▶ **Exercise goal**: All pictures must be left out as you transcribe the lines from the first line of the data to the line containing "The Myth of", both included.

=-=-=

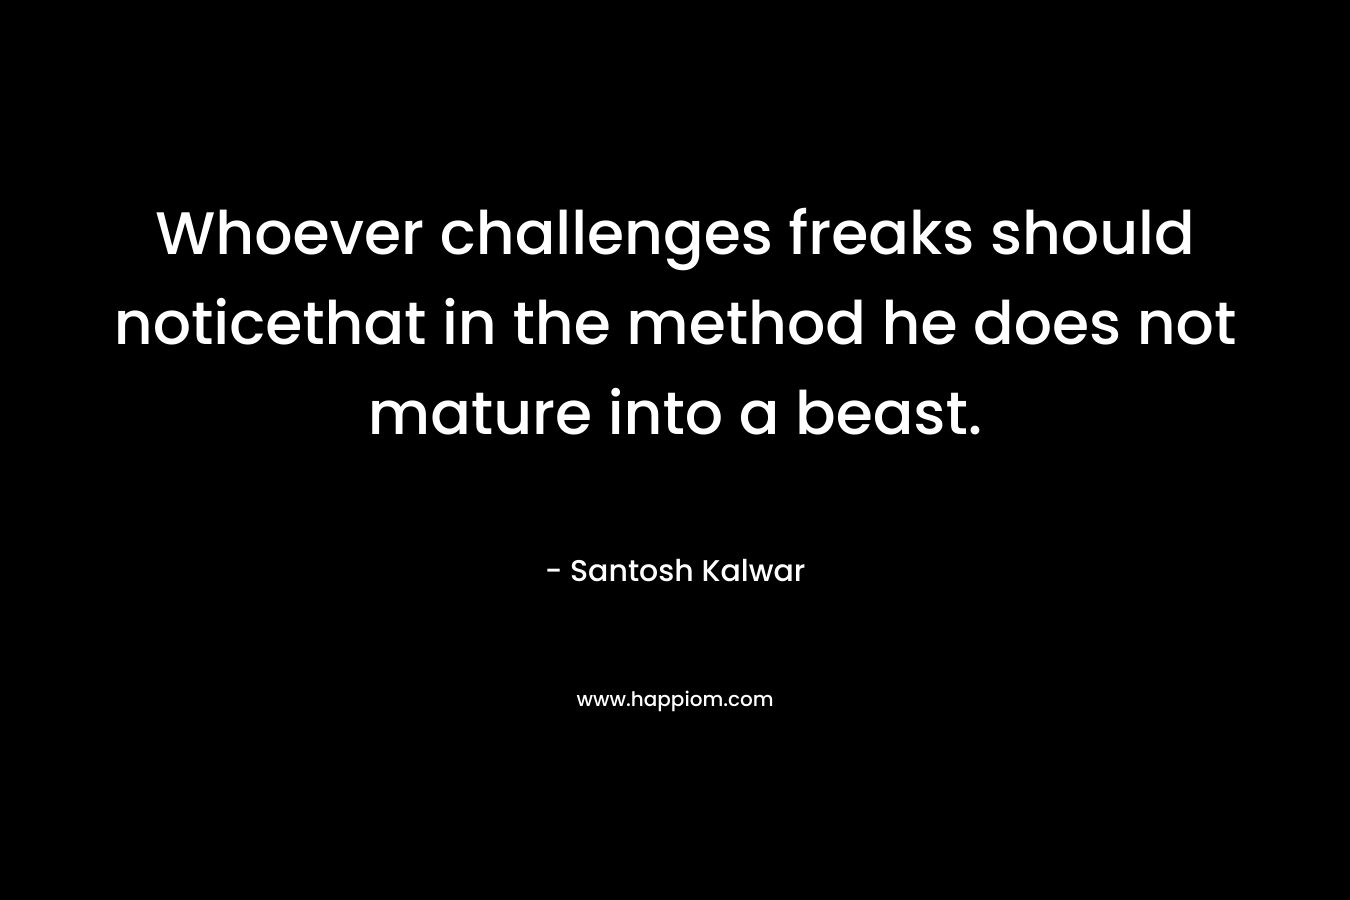 Whoever challenges freaks should noticethat in the method he does not mature into a beast.
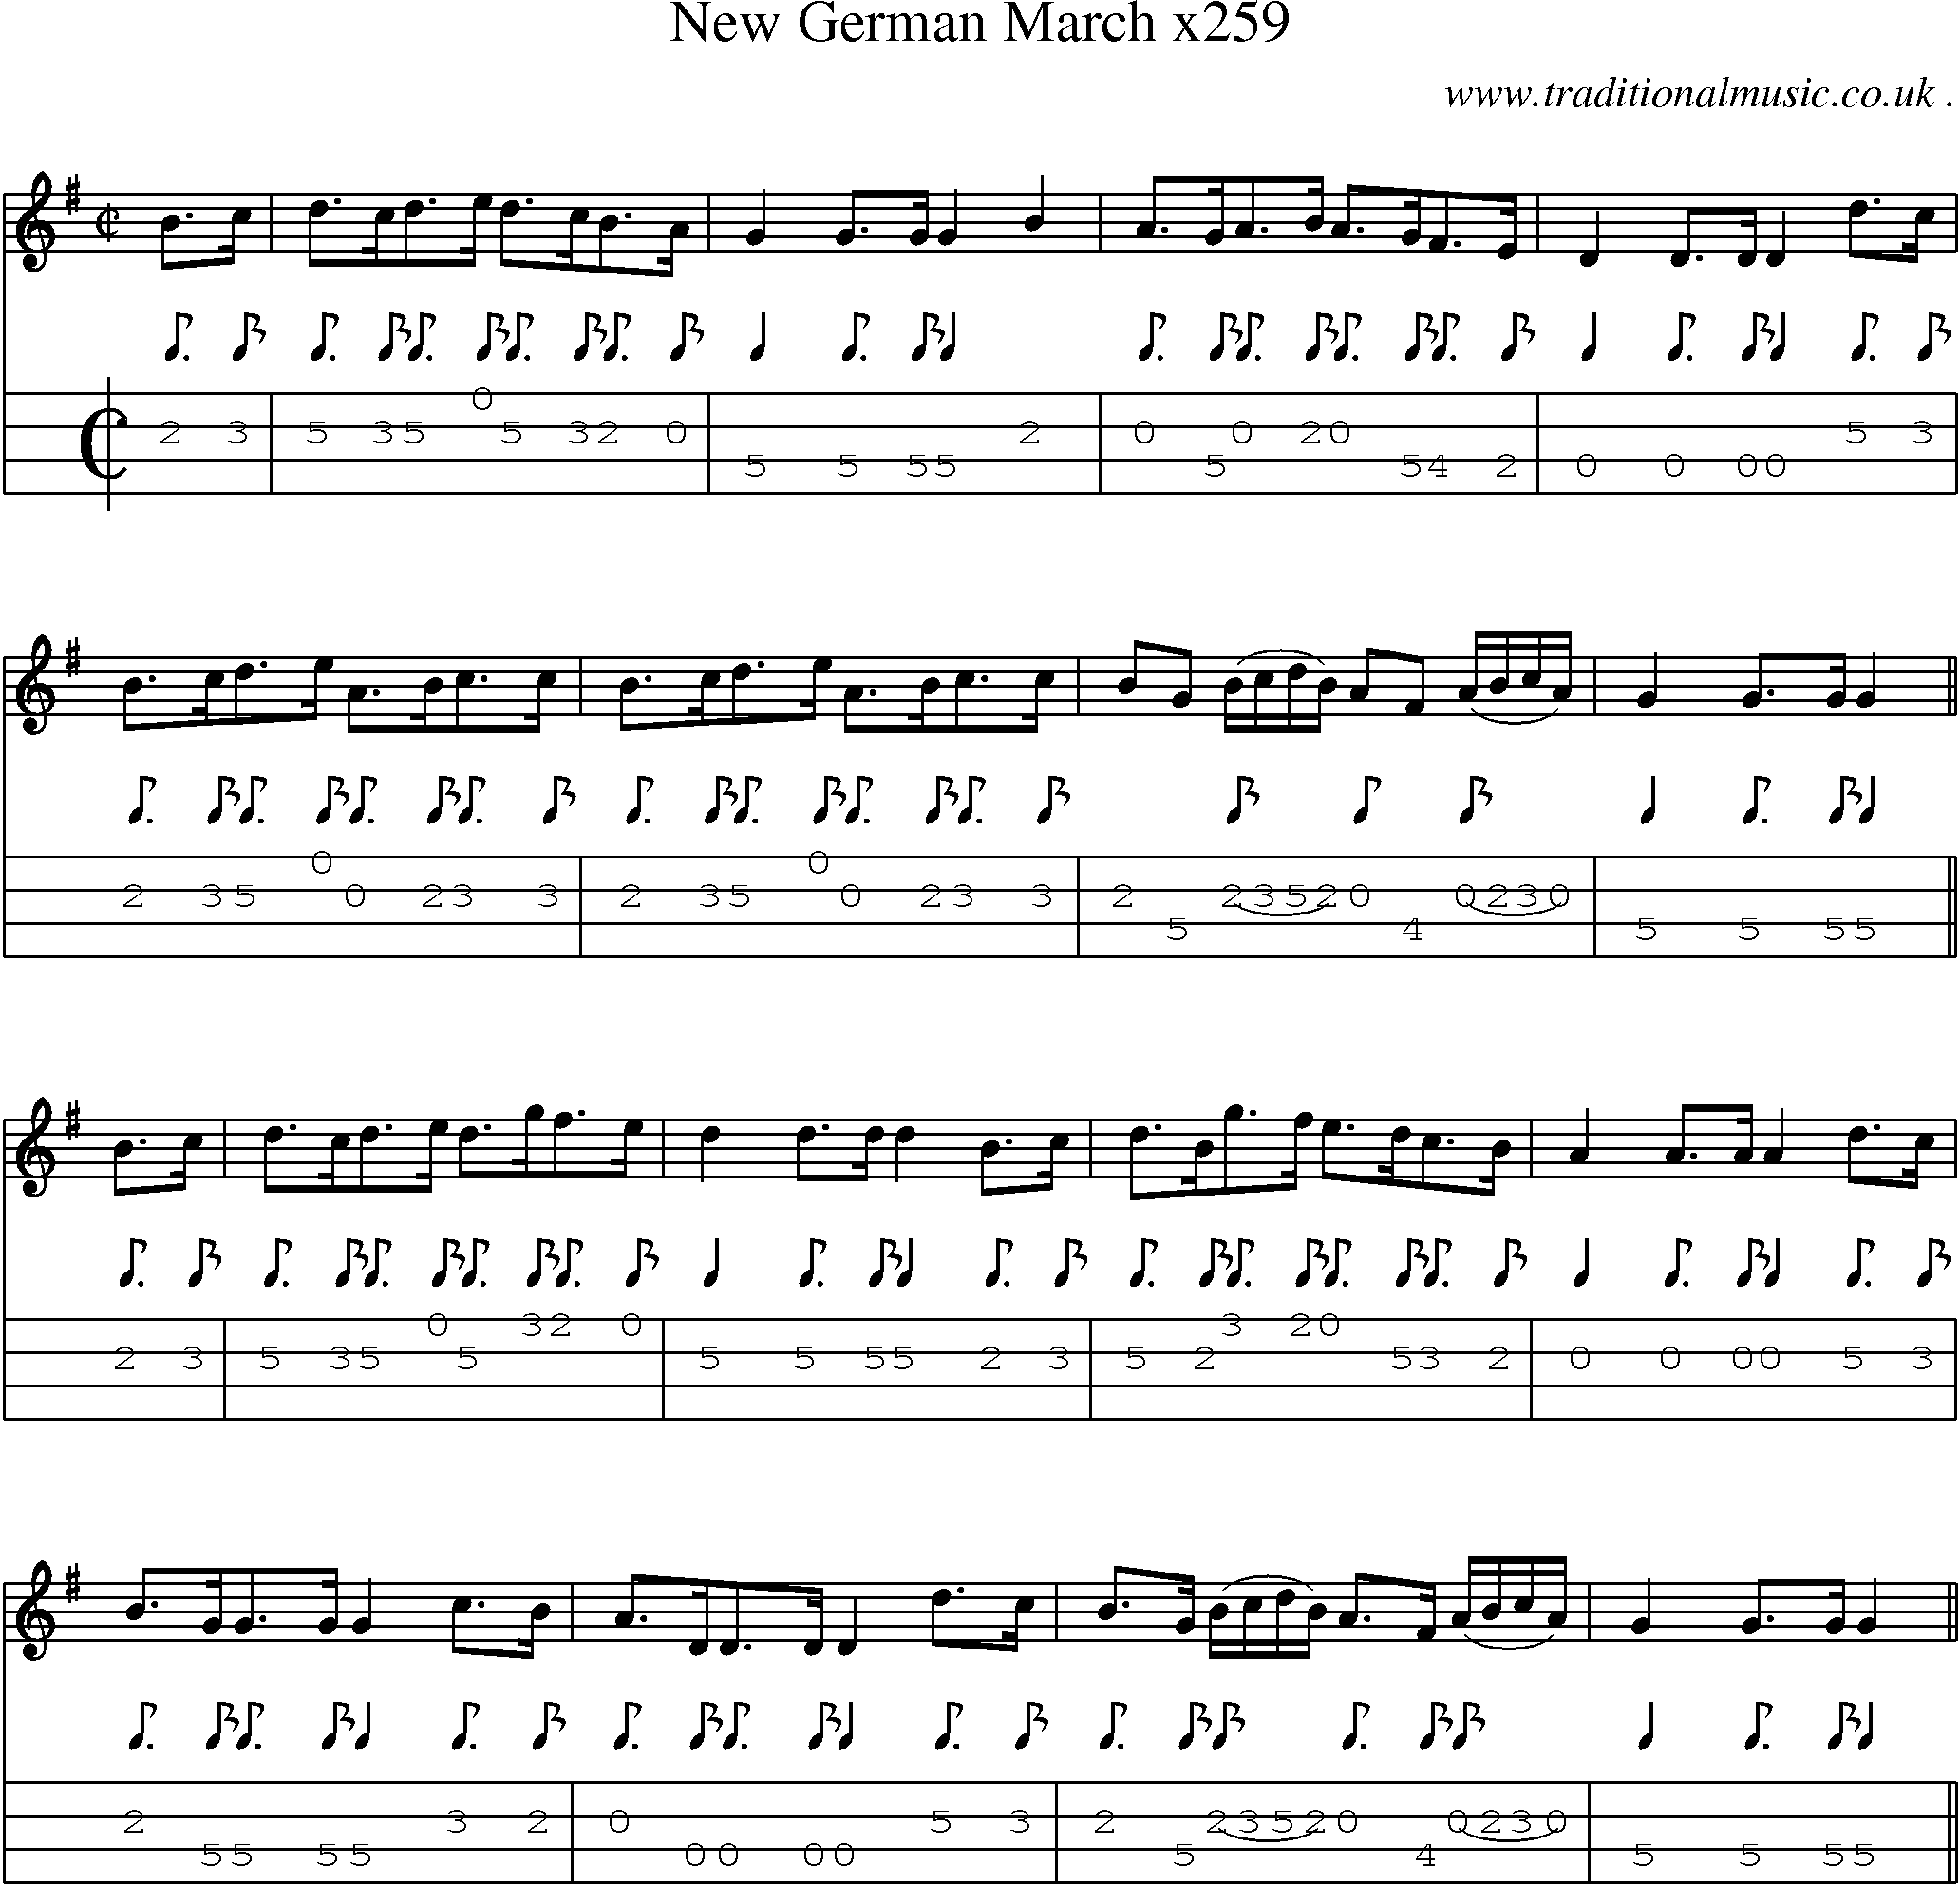 Sheet-Music and Mandolin Tabs for New German March X259
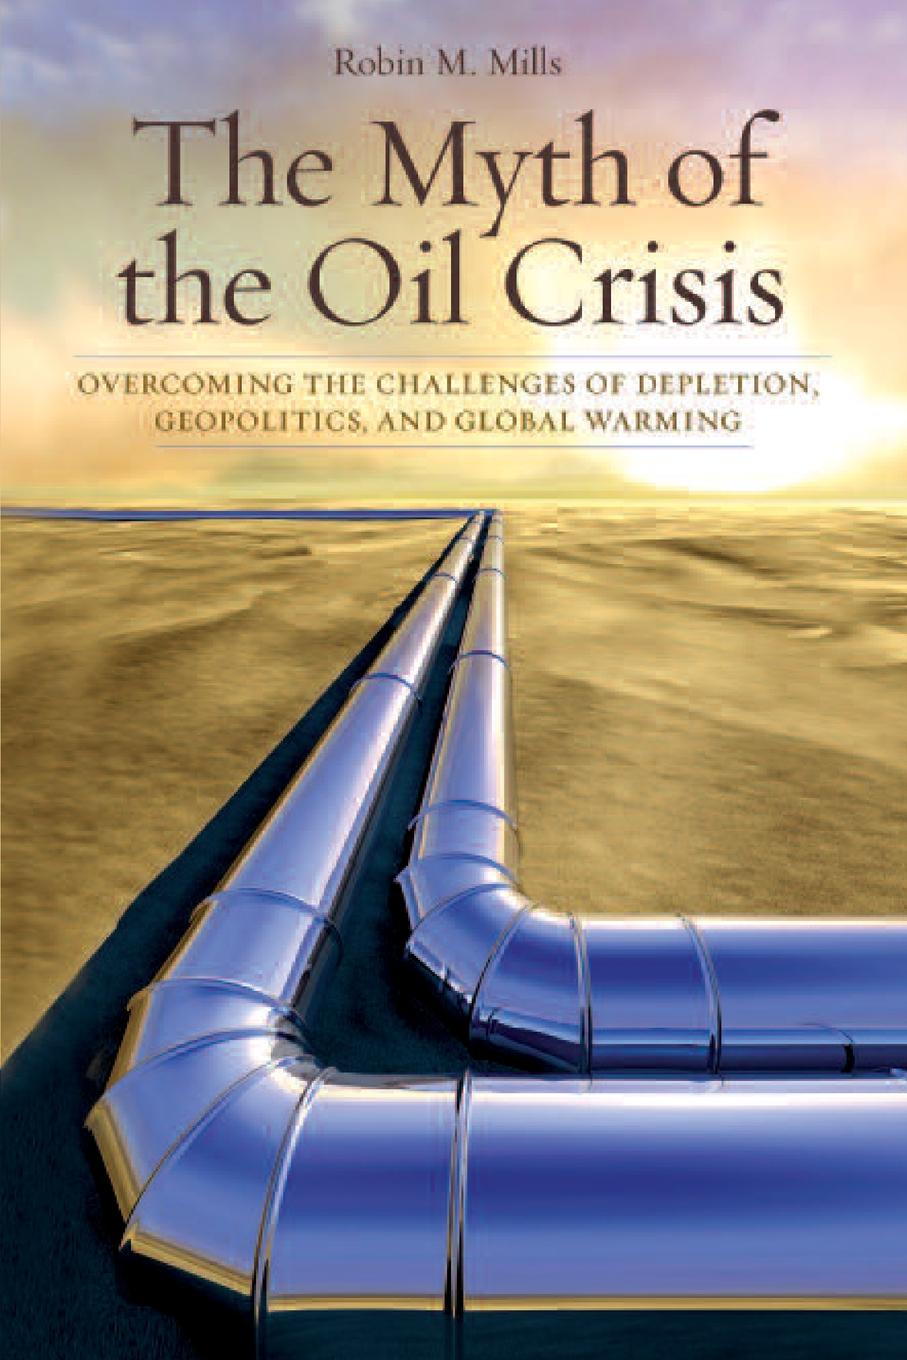 The Myth of the Oil Crisis. Overcoming the Challenges of Depletion, Geopolitics, and Global Warming
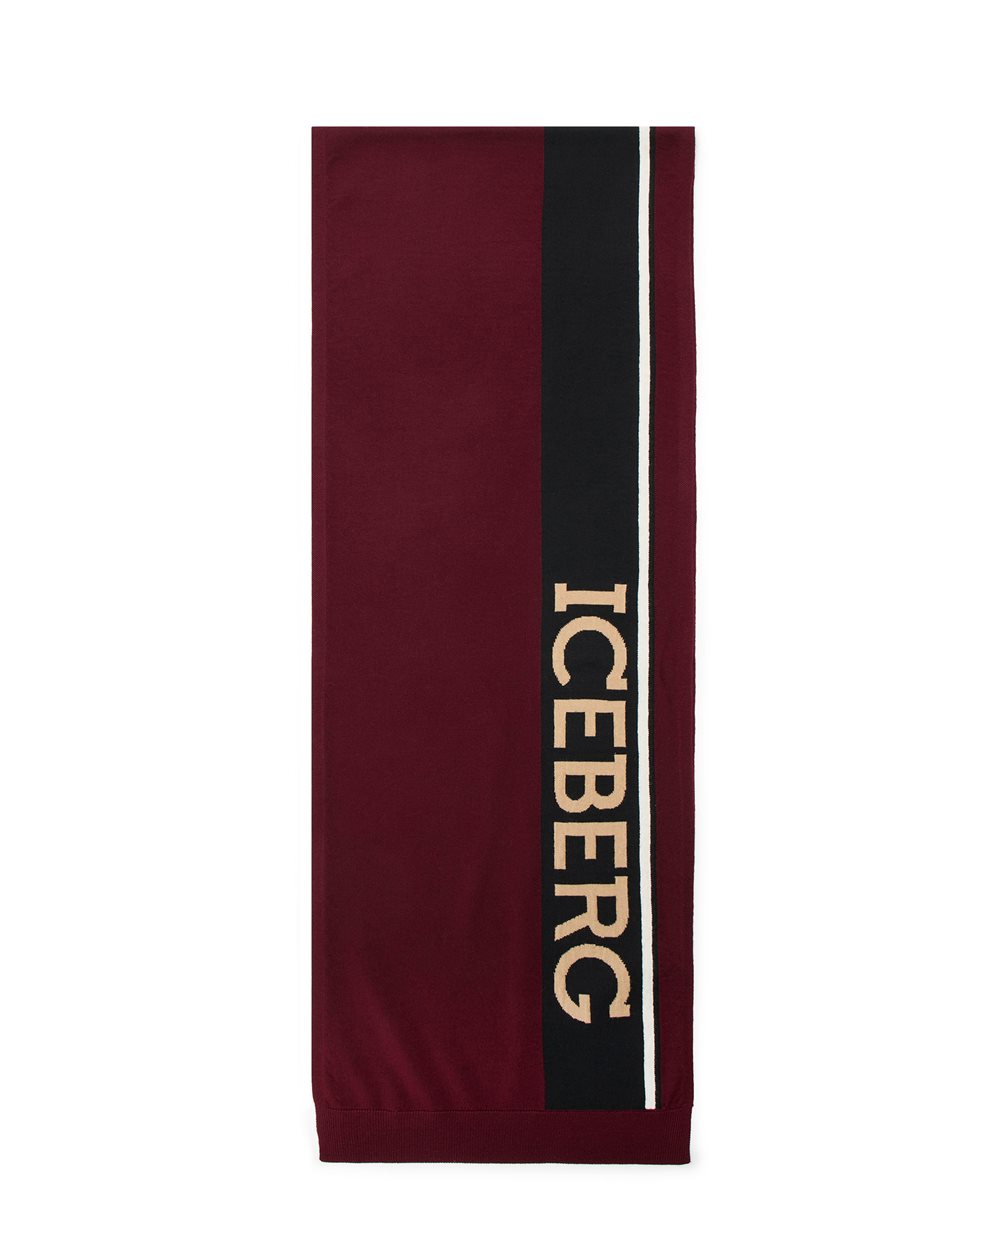 Bordeaux scarf in wool with logo -  ( PRIMO STEP DE ) PROMO SALDI UP TO 40% | Iceberg - Official Website
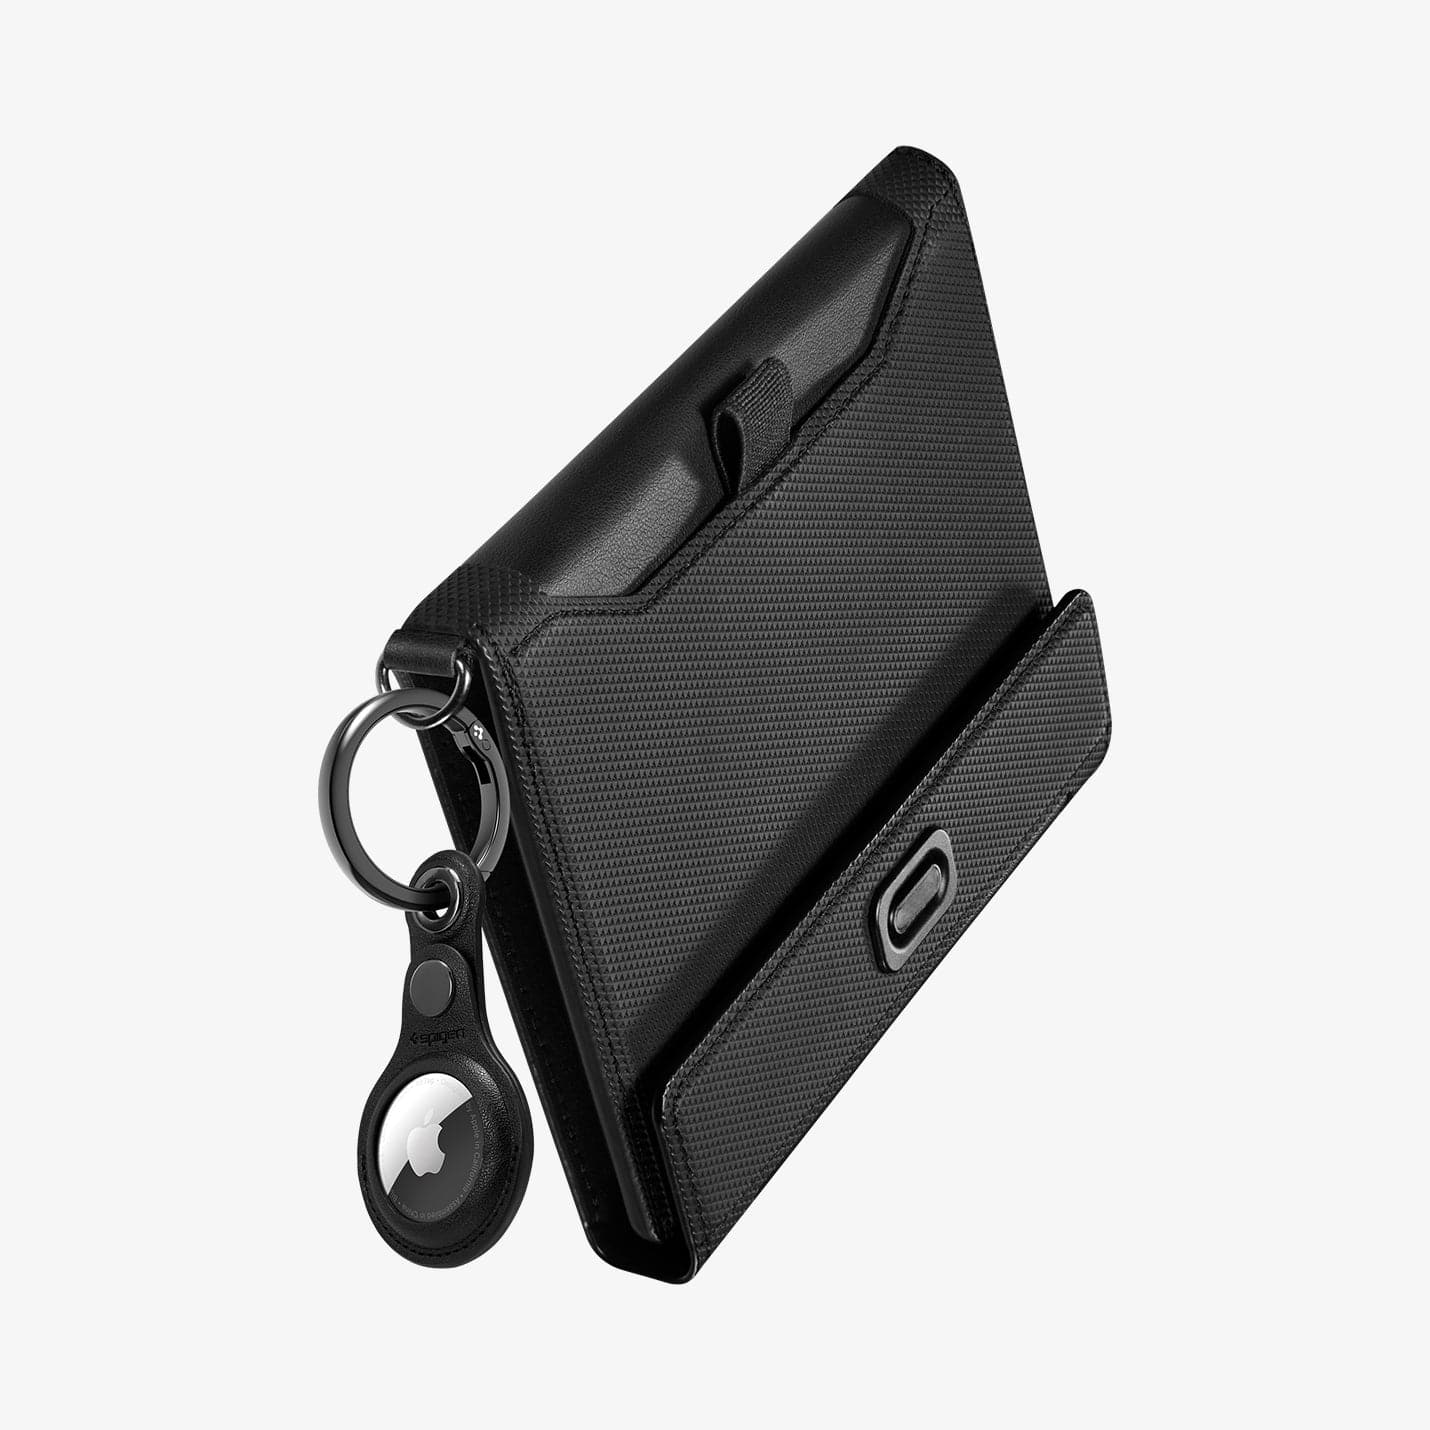 AFA05538 - Passport Holder in black showing the back, side and airtag on attached keychain

=-=-=

▶ **Solution to this task**:
 Whoever challenges freaks should noticethat in the method he does not mature into a beast.
 Sheet-Music and Mandolin Tabs for New German March X259
 The Myth of the Oil Crisis. Overcoming the Challenges of Depletion, Geopolitics, and Global Warming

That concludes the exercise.